§ Prompt
Write out exactly every line from the one containing "חדר המשפחה. בעתיד יהפוך לחדר ילדים נוסף" through the final line of the material below, both included. Pictures are to be skipped.

§ Data shown

────────────────────────────────────────

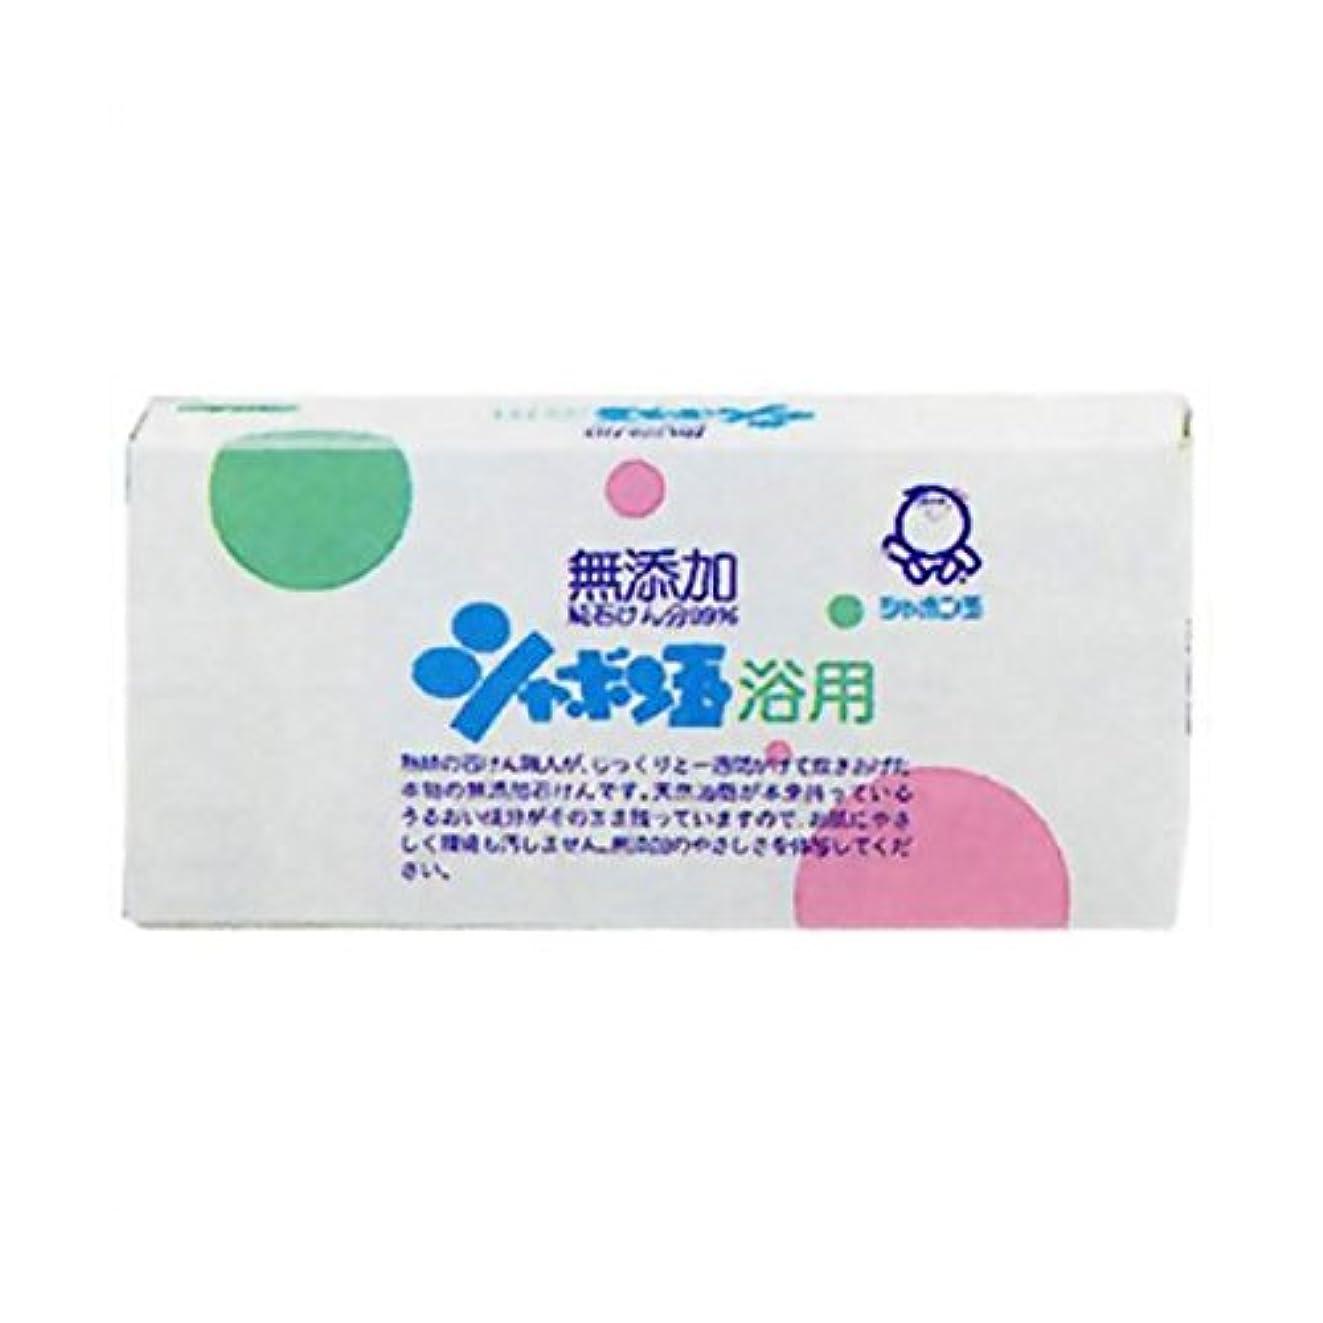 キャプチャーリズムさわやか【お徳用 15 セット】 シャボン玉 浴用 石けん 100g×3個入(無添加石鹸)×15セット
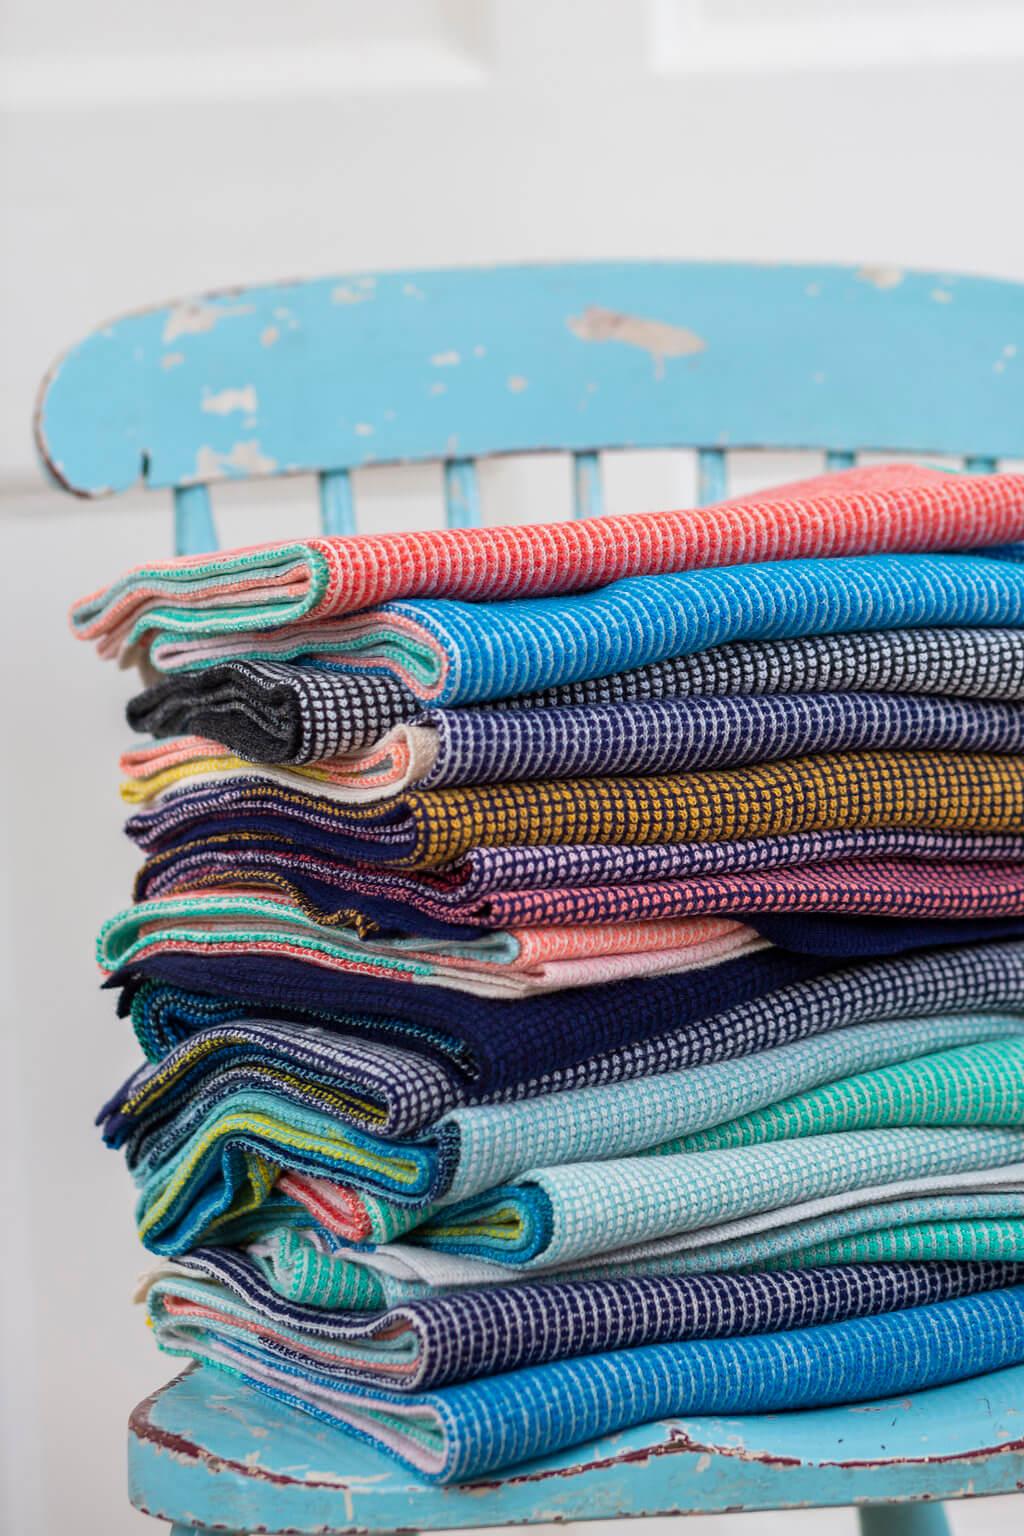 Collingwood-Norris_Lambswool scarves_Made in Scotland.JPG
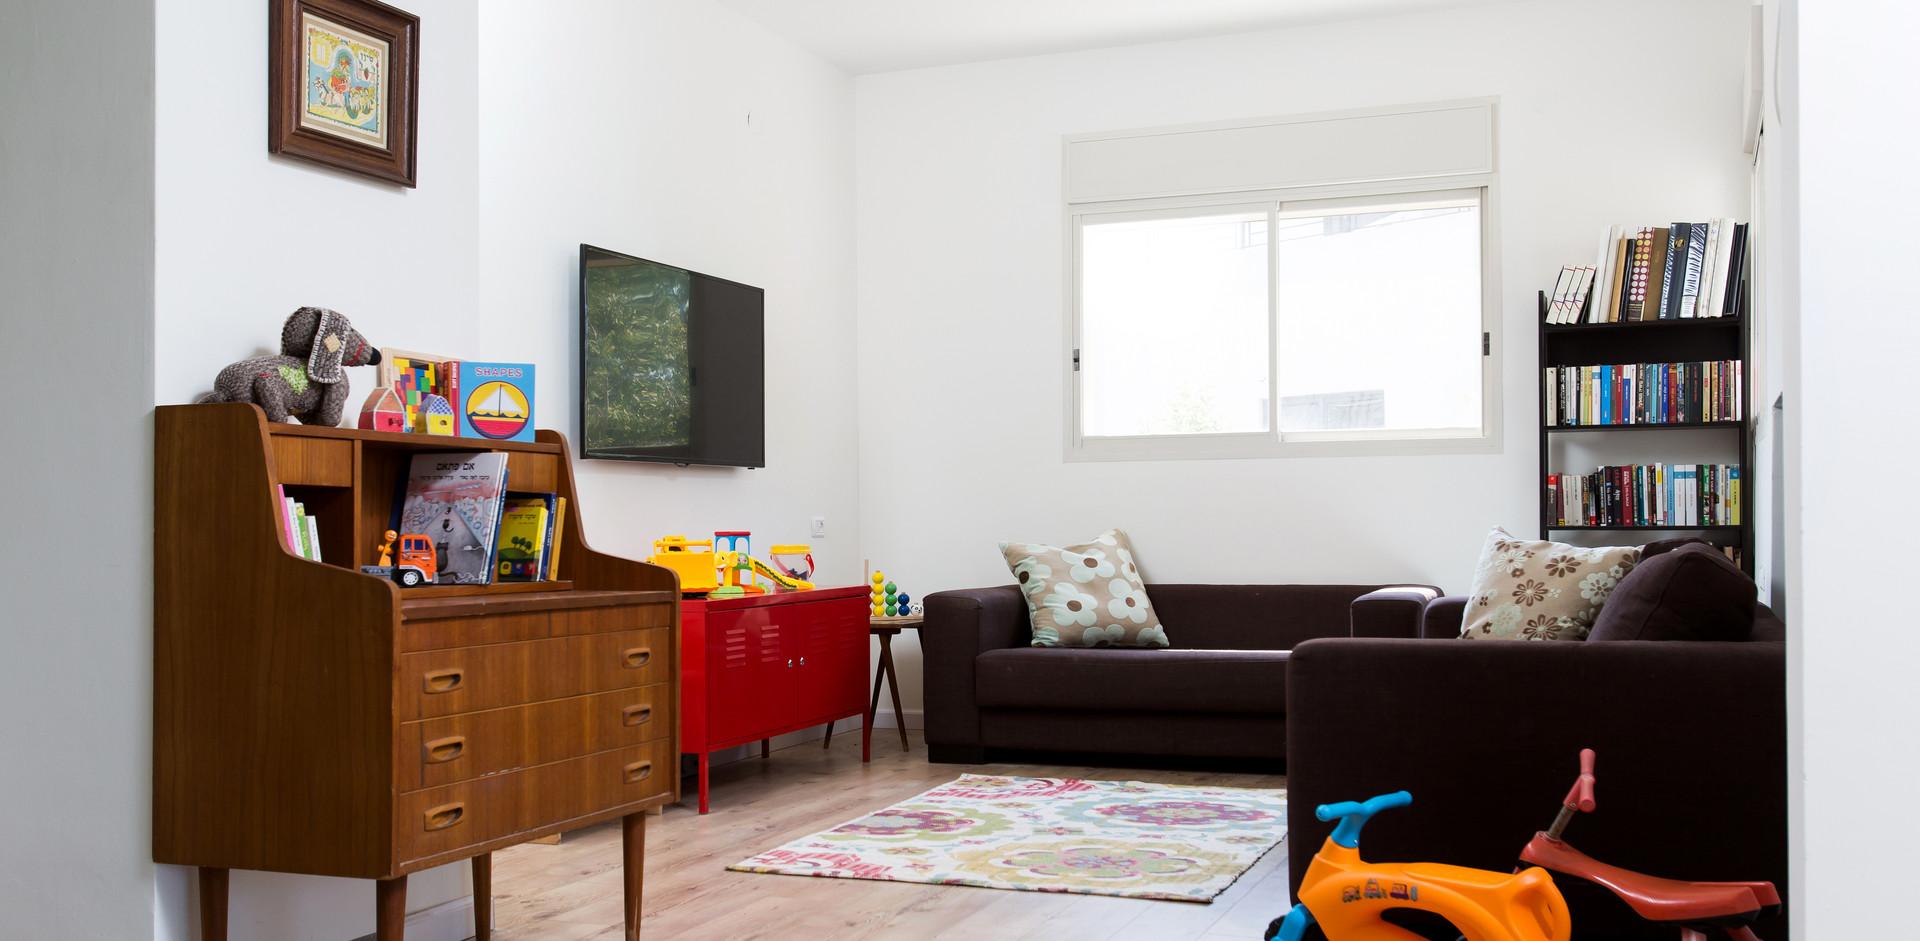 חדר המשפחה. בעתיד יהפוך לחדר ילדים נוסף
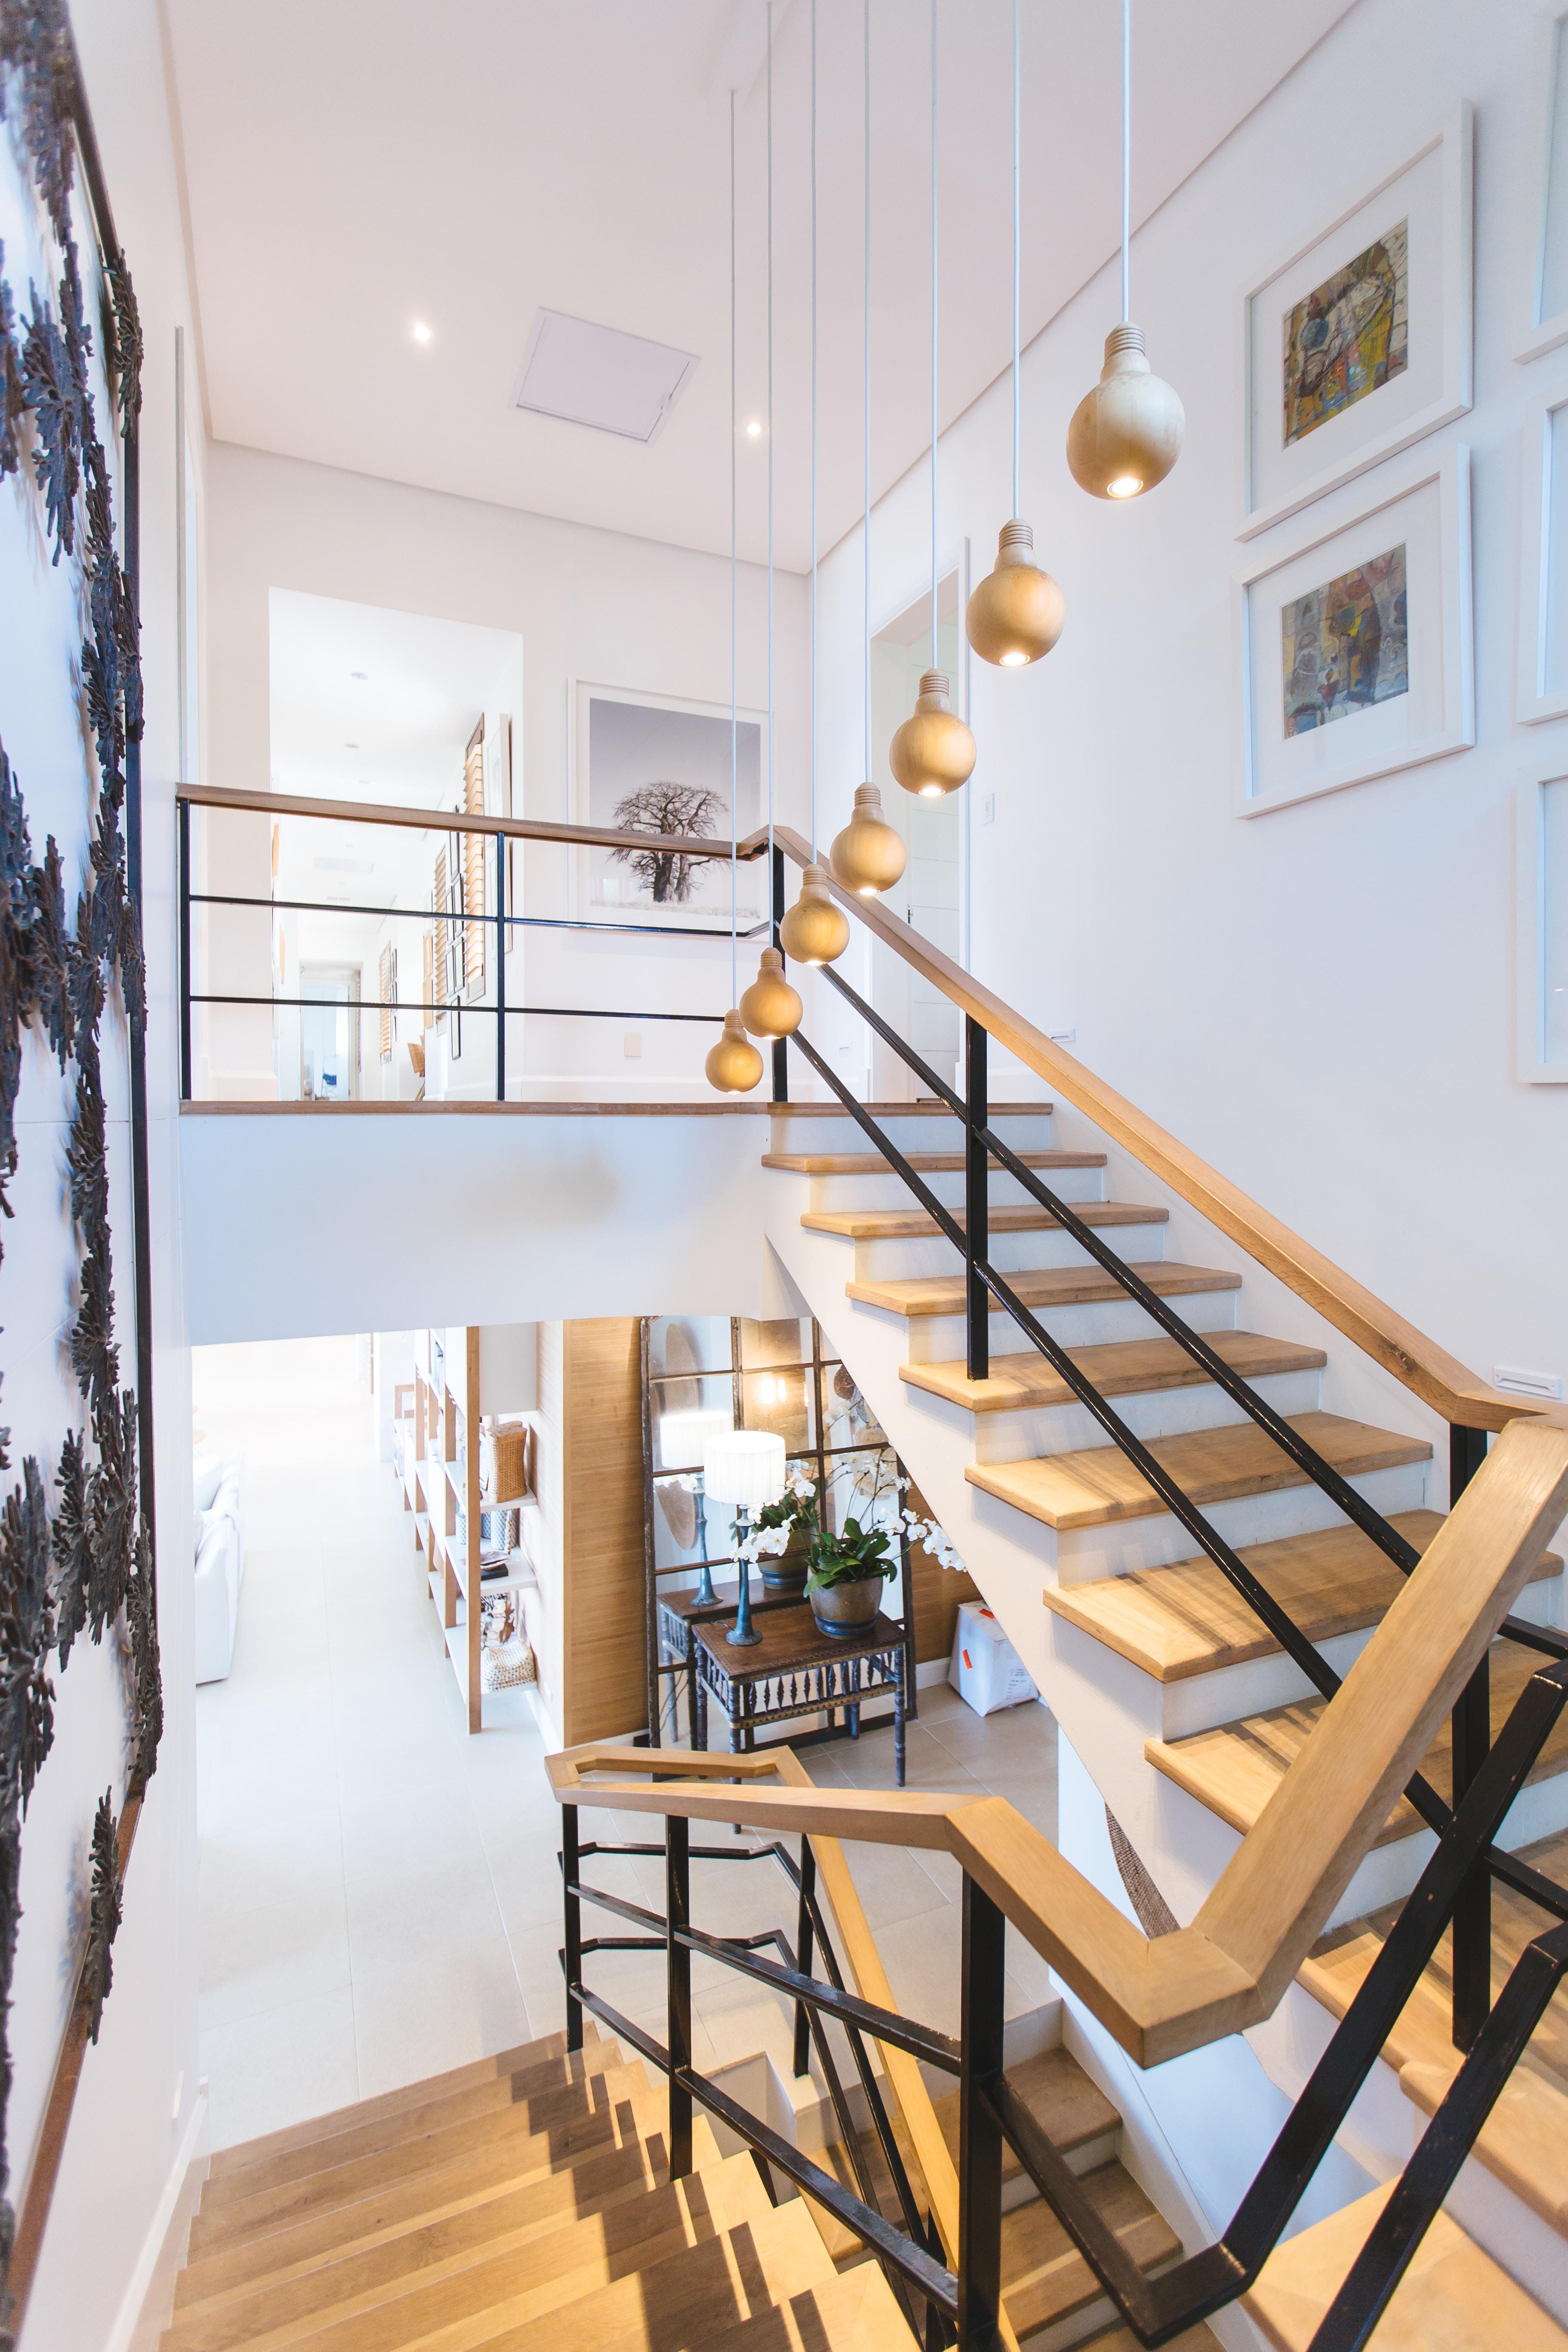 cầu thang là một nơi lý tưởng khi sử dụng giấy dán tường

────────────────────────────────────────

§ Response
 חדר המשפחה. בעתיד יהפוך לחדר ילדים נוסף
 cầu thang là một nơi lý tưởng khi sử dụng giấy dán tường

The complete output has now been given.